_TASK GOAL_
Your task is to copy exactly the lines from the line containing "Lustige Kinder Essen" through the end of the listing below, with pictures left out.

_DATA SEGMENT_
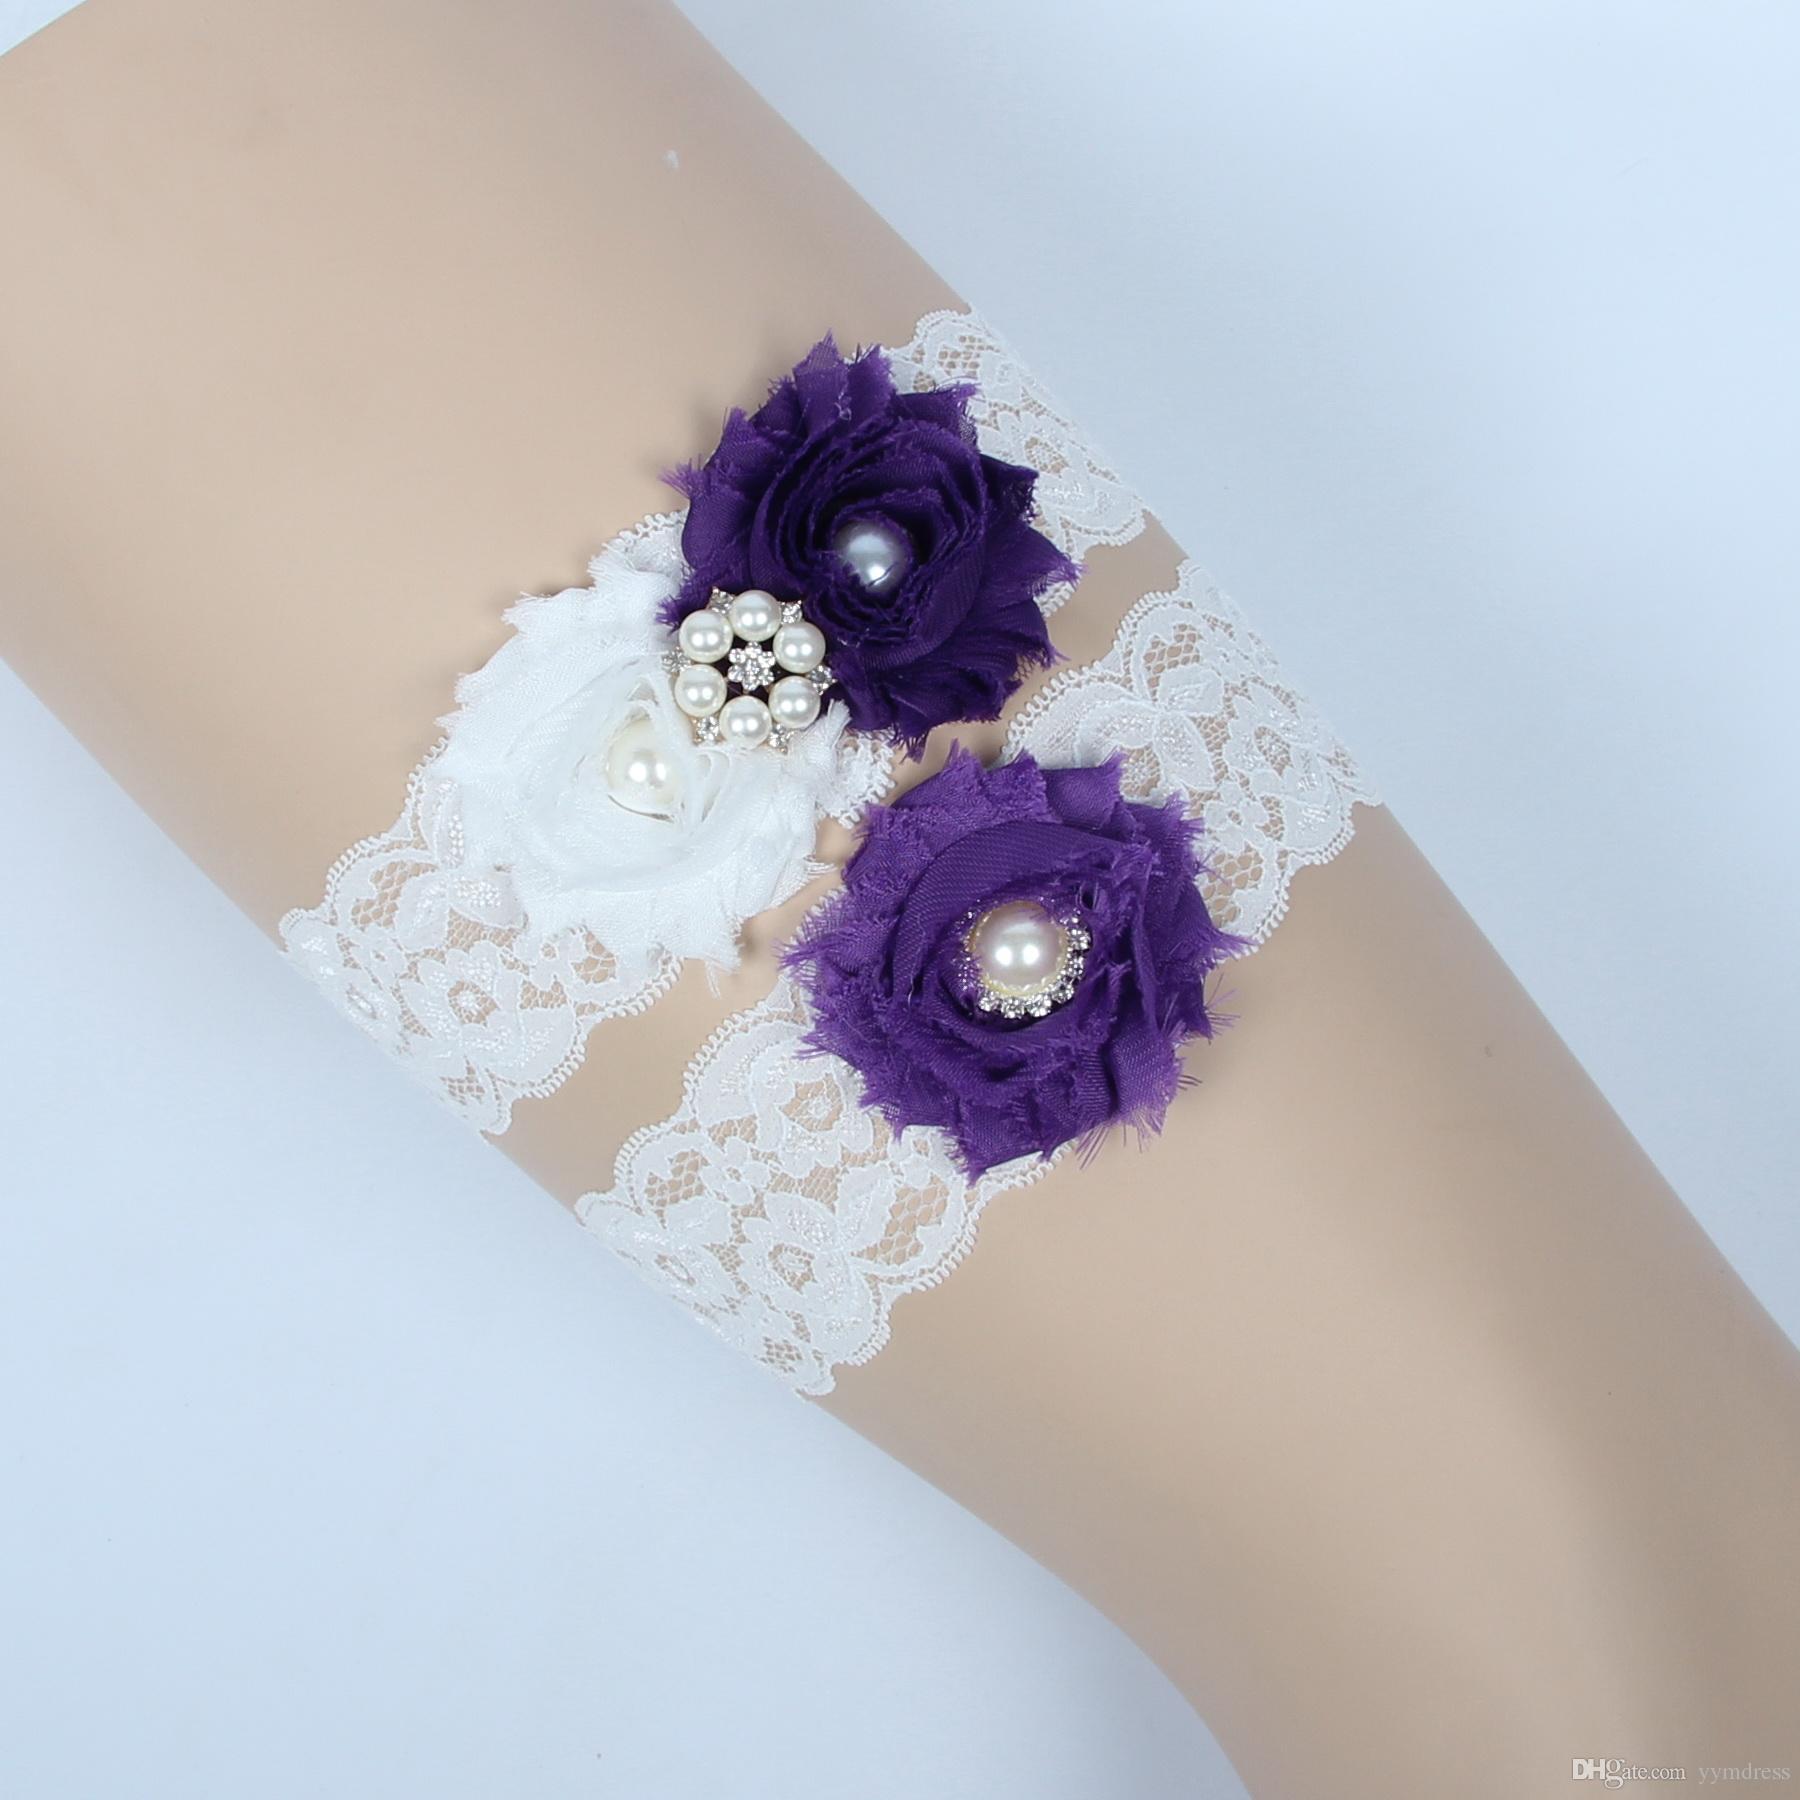 eb856603f8d Vintage Bridal Garters Prom Garter Bridal Wedding Garter Set Purple Lace  Rhinestones Pearls Crystals In Stock Cheap Plus Size Petticoat Slip Dress  ...
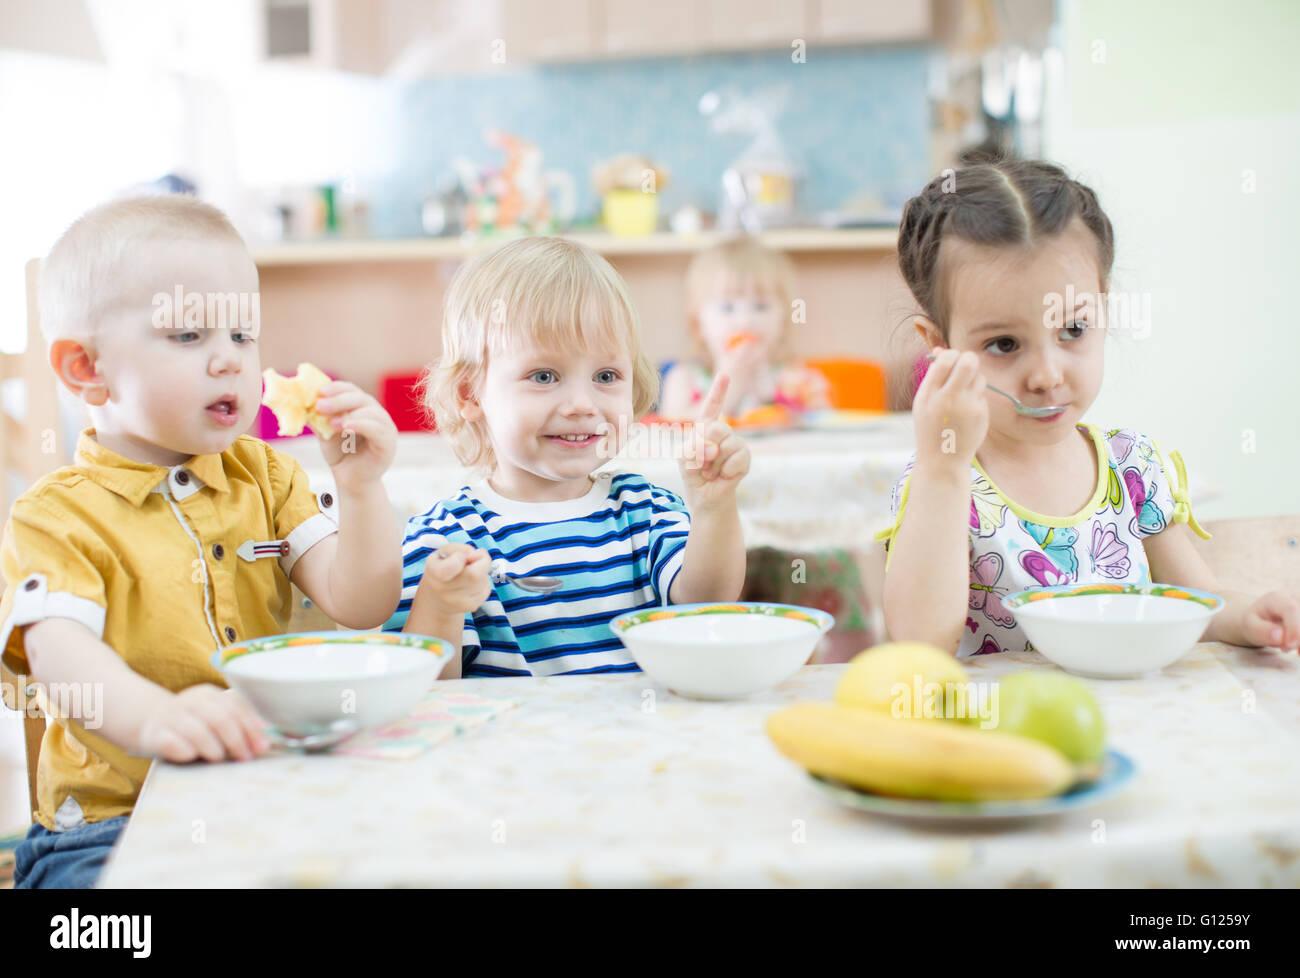 Lustige Kinder Essen im kindergarten Stockfoto, Bild: 103924967 - Alamy
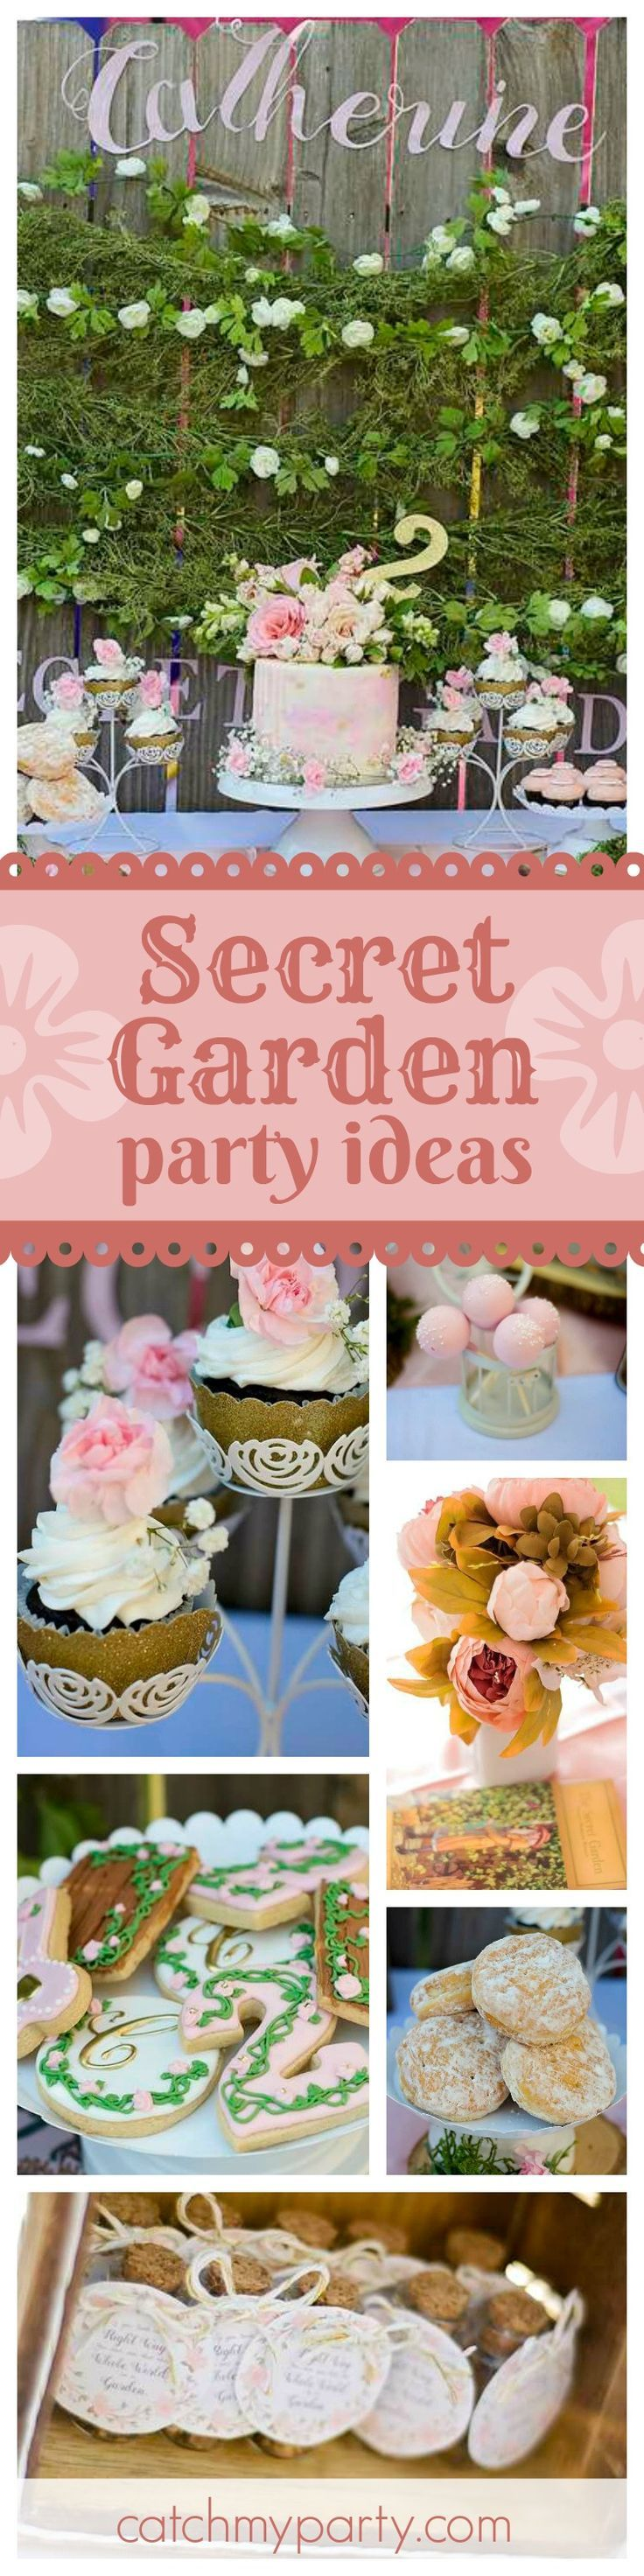 Best 25 Garden birthday cake ideas on Pinterest Garden cakes
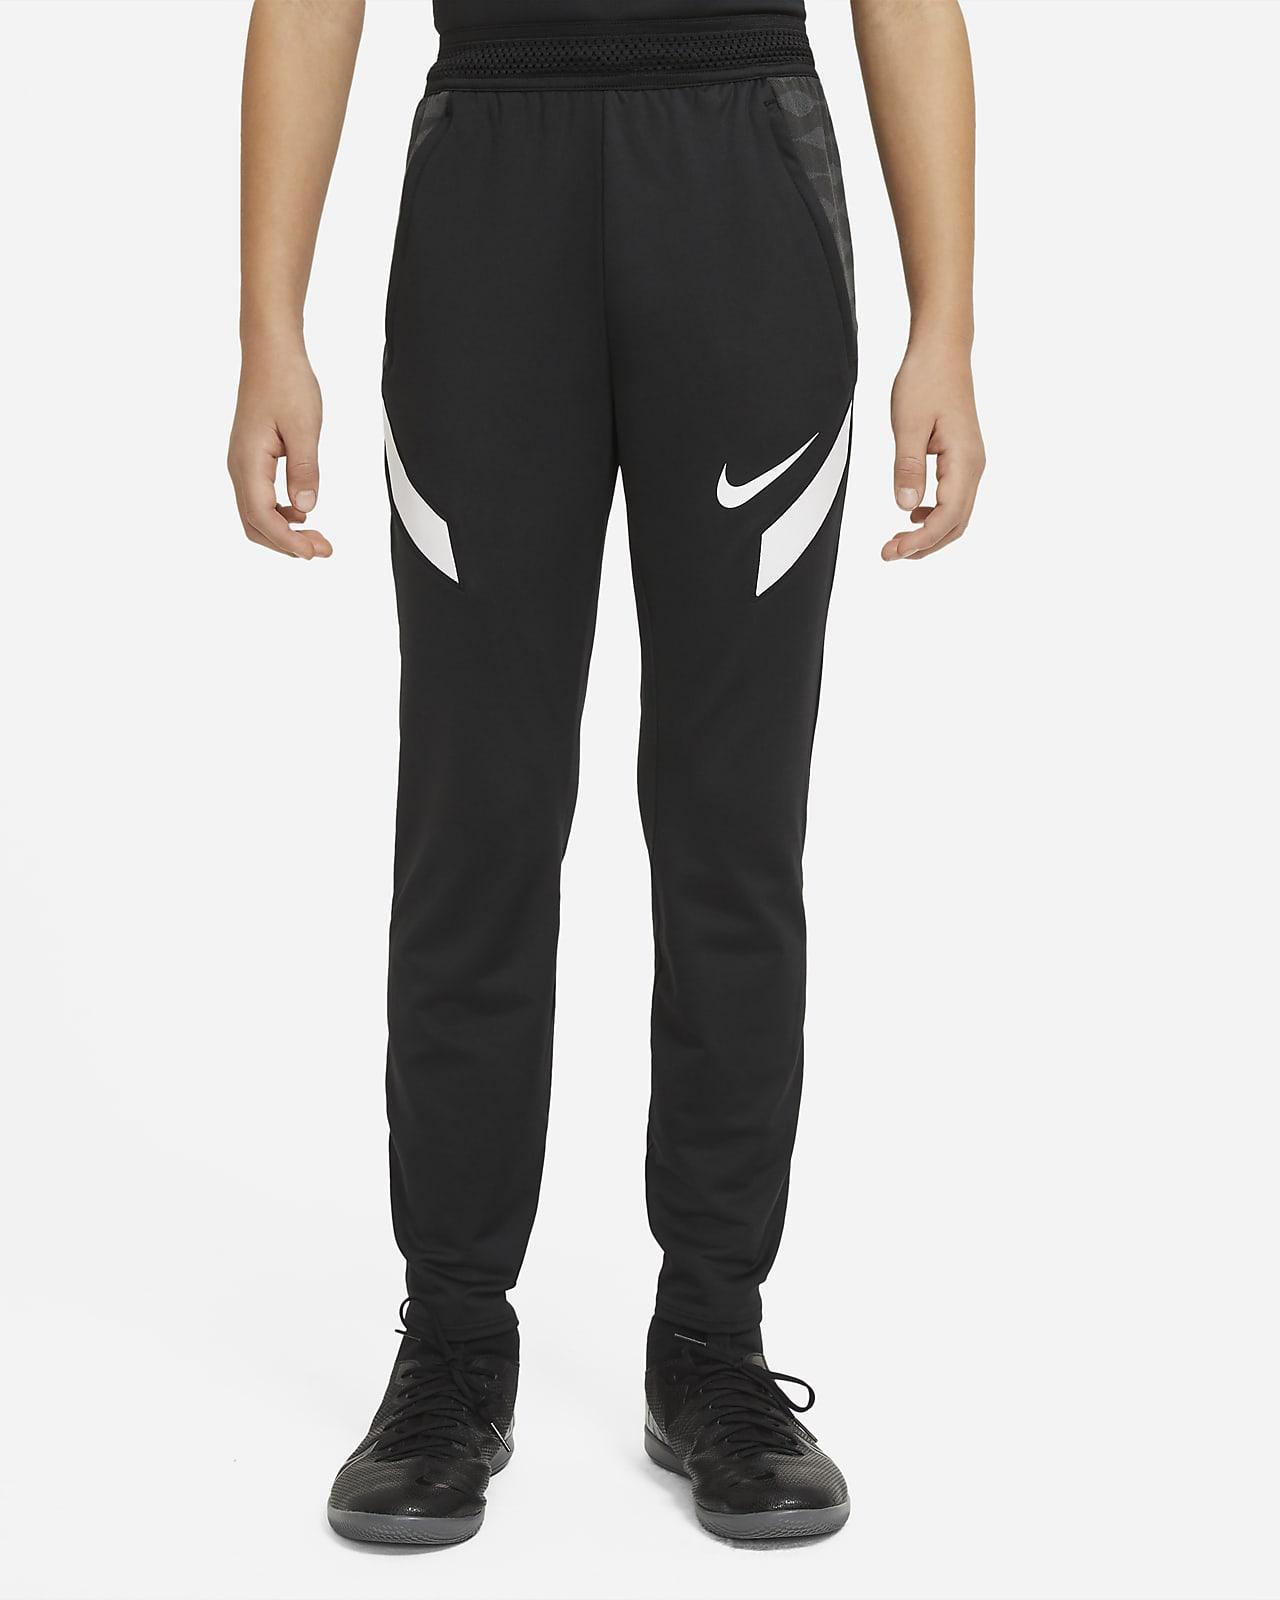 Nike Dri-FIT Strike Older Kids' Knit Football Pants

_RESPONSE_
 Lustige Kinder Essen im kindergarten Stockfoto, Bild: 103924967 - Alamy
 Best 25 Garden birthday cake ideas on Pinterest Garden cakes
 Nike Dri-FIT Strike Older Kids' Knit Football Pants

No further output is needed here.